→ **Your task**
Under this line sits a listing. Repeat exactly and only its lines from the one holding "Classic Leather Match" through the one holding "layla Shopify theme"; skip pictures.

→ **Information shown**

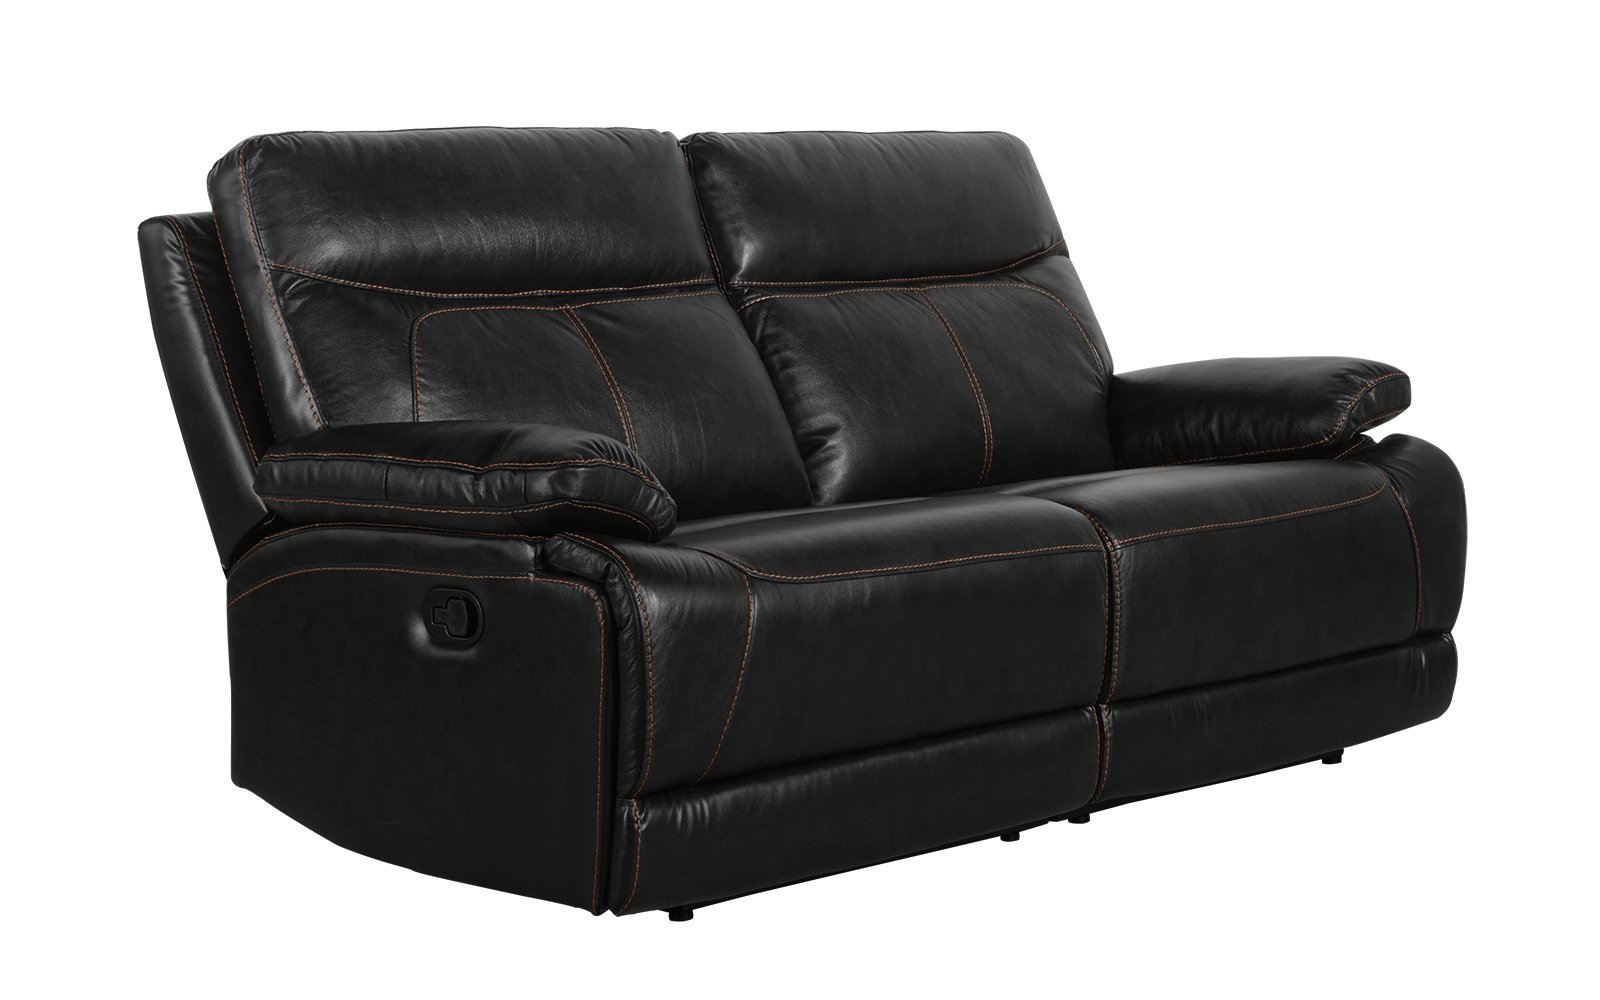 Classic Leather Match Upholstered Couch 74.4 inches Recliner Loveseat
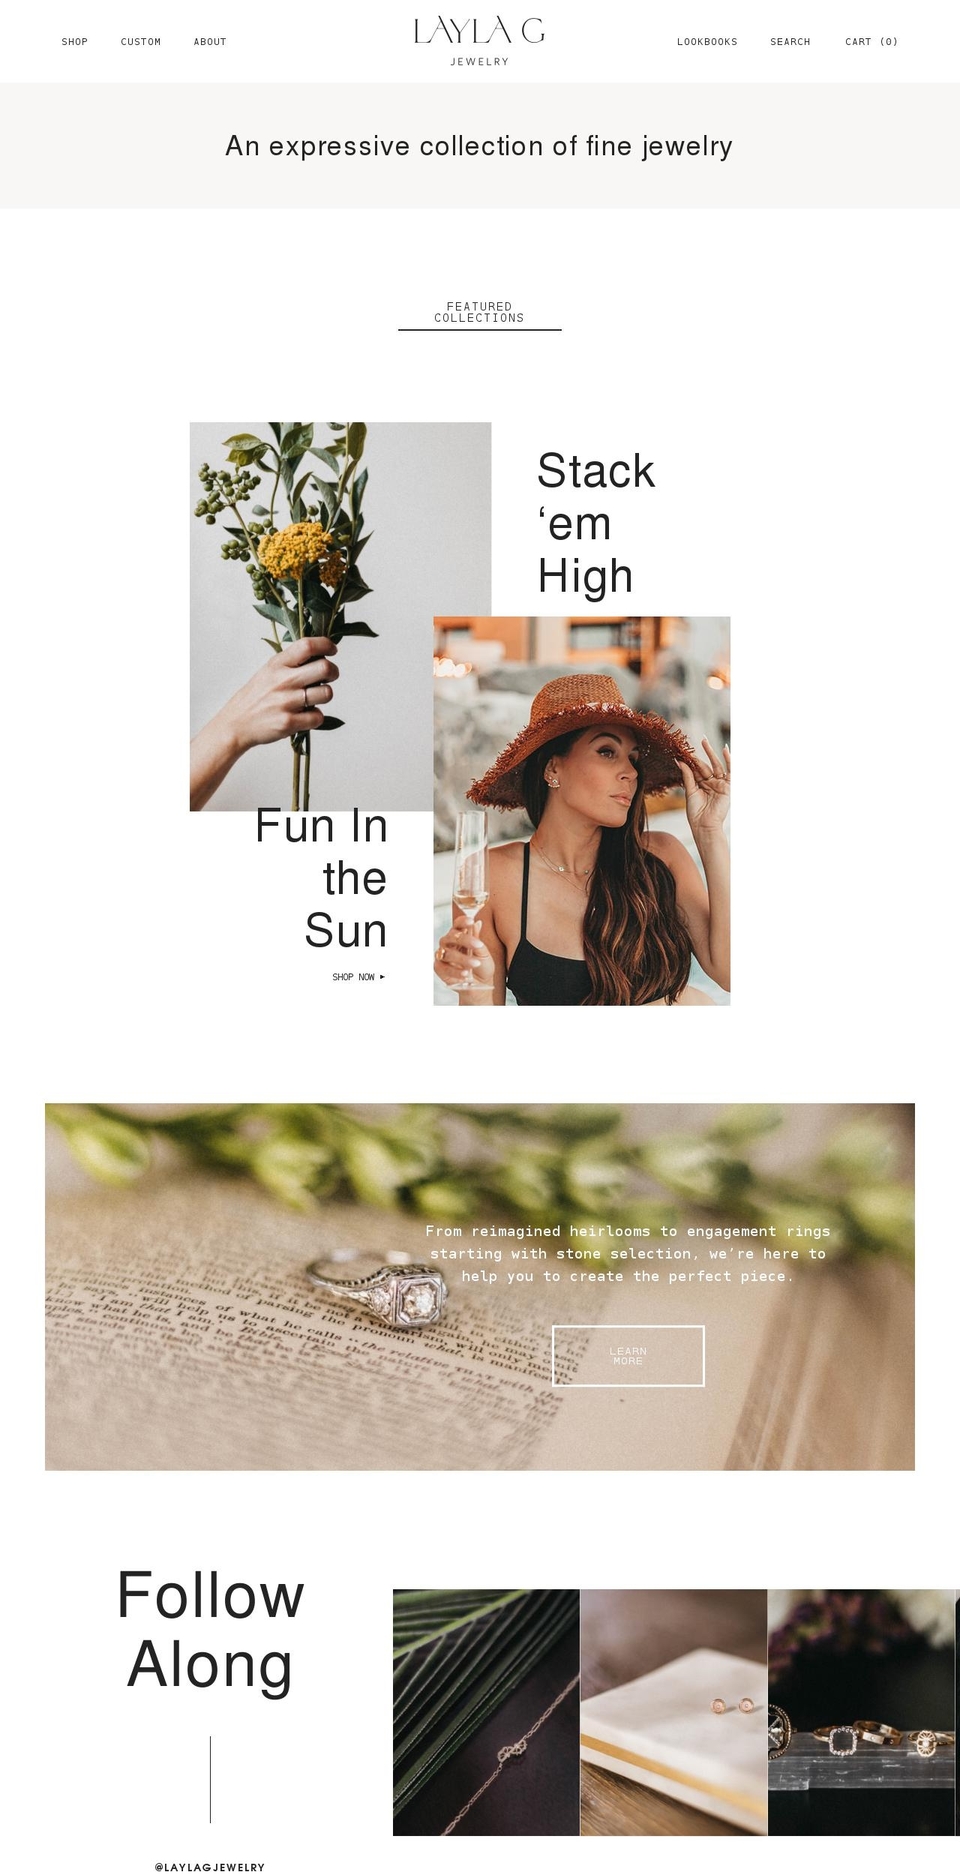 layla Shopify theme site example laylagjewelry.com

---

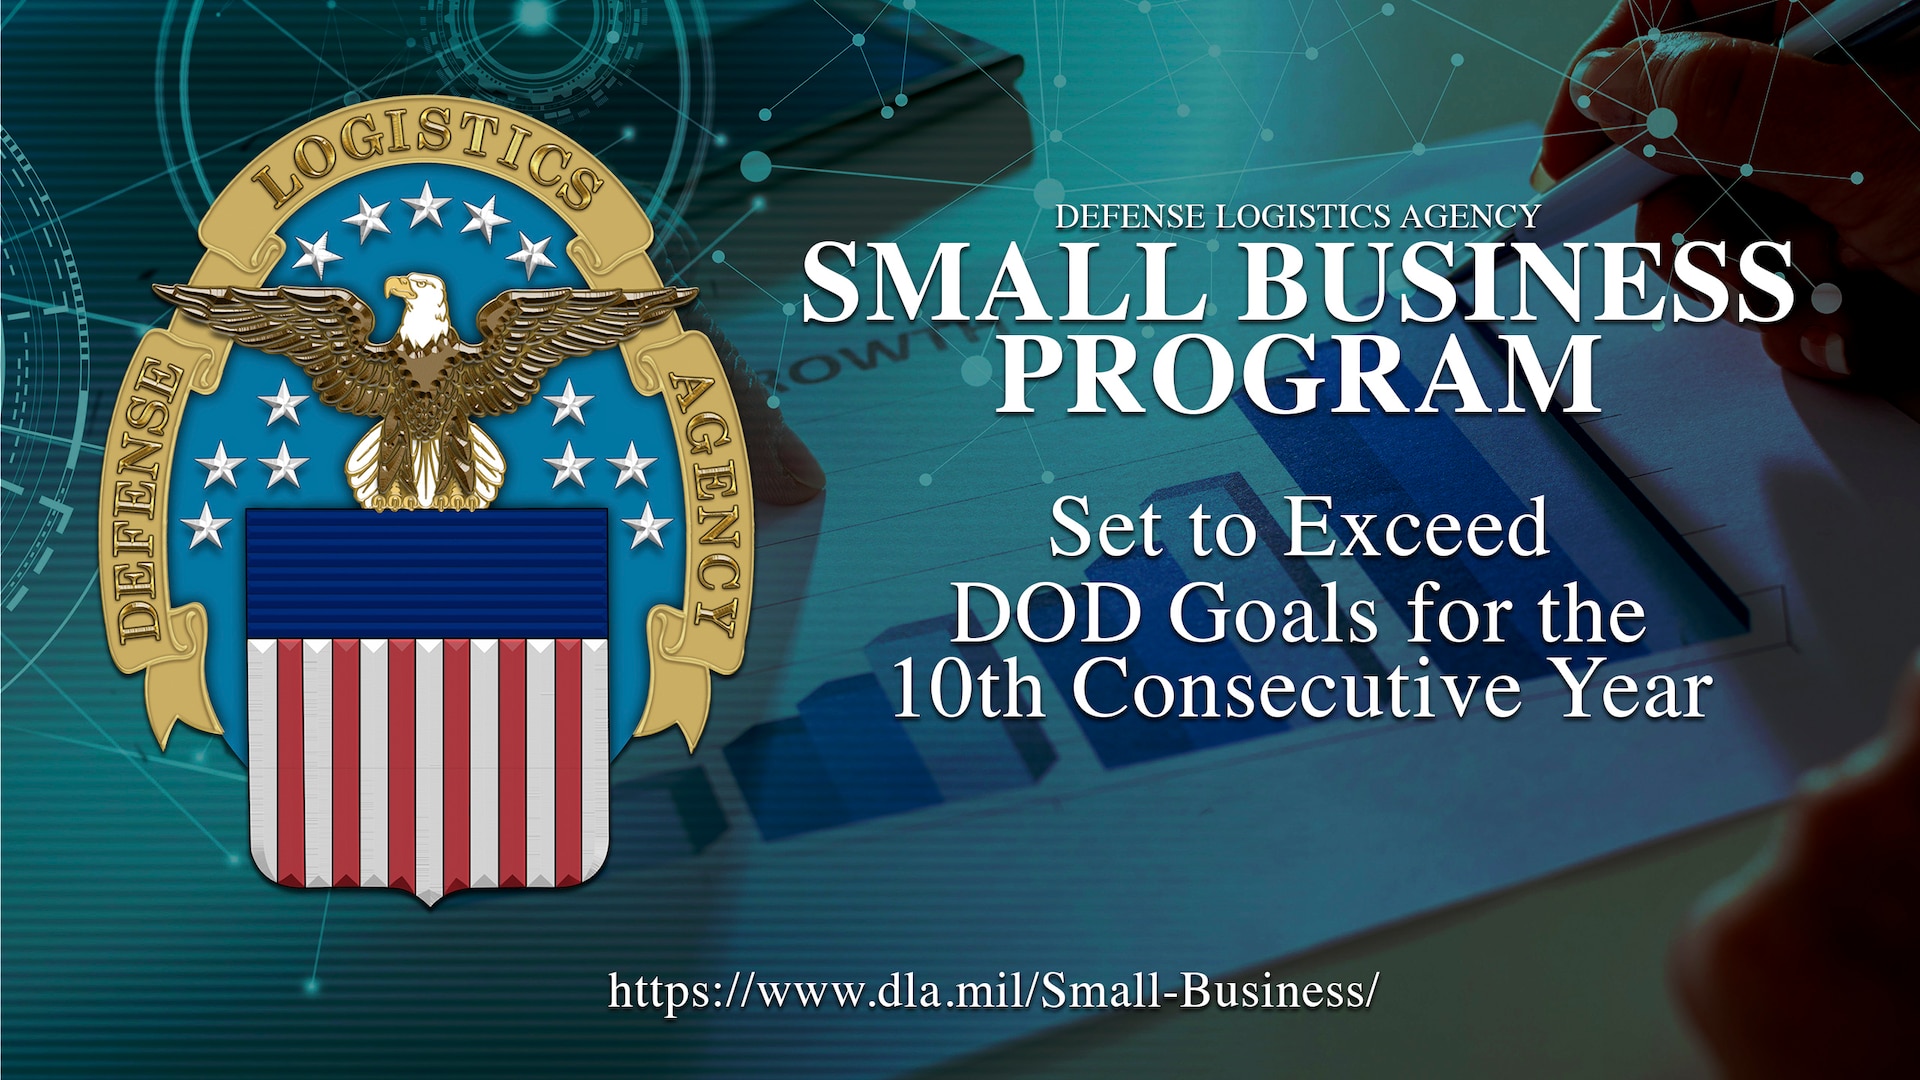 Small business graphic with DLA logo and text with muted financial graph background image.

---

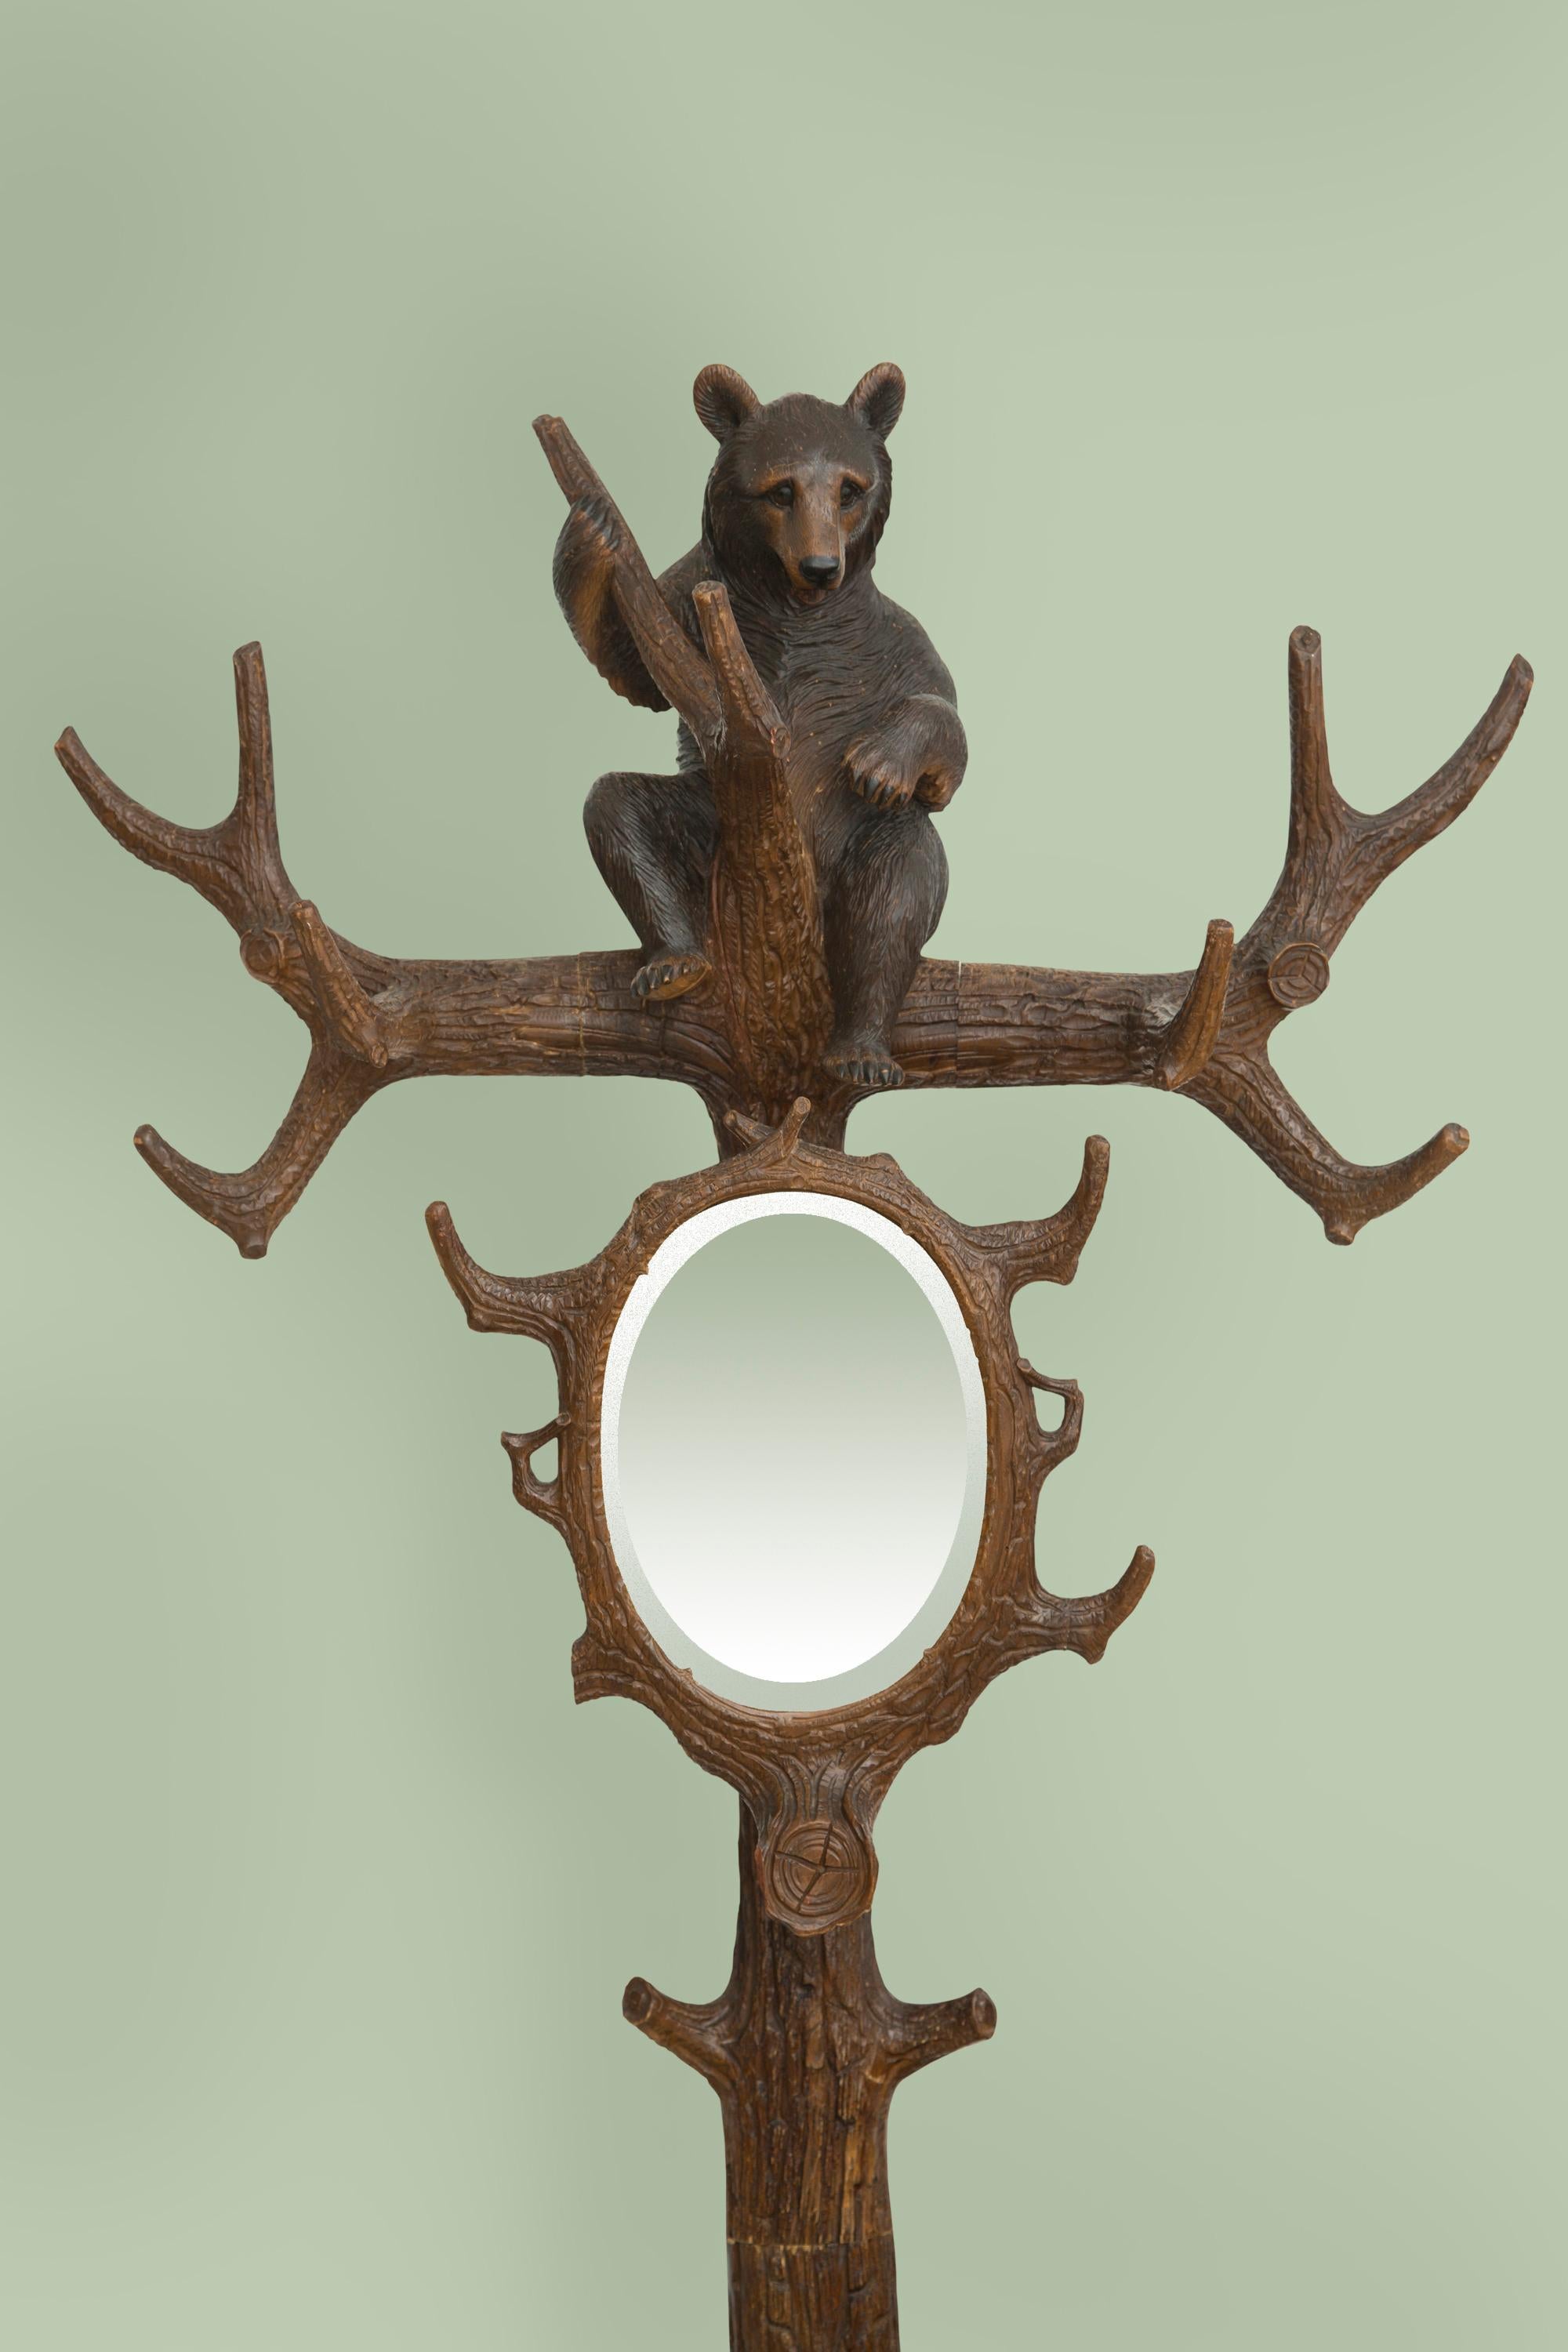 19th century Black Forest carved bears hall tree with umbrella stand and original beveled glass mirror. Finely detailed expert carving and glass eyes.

→ **Written response**
 Classic Leather Match Upholstered Couch 74.4 inches Recliner Loveseat
 layla Shopify theme site example laylagjewelry.com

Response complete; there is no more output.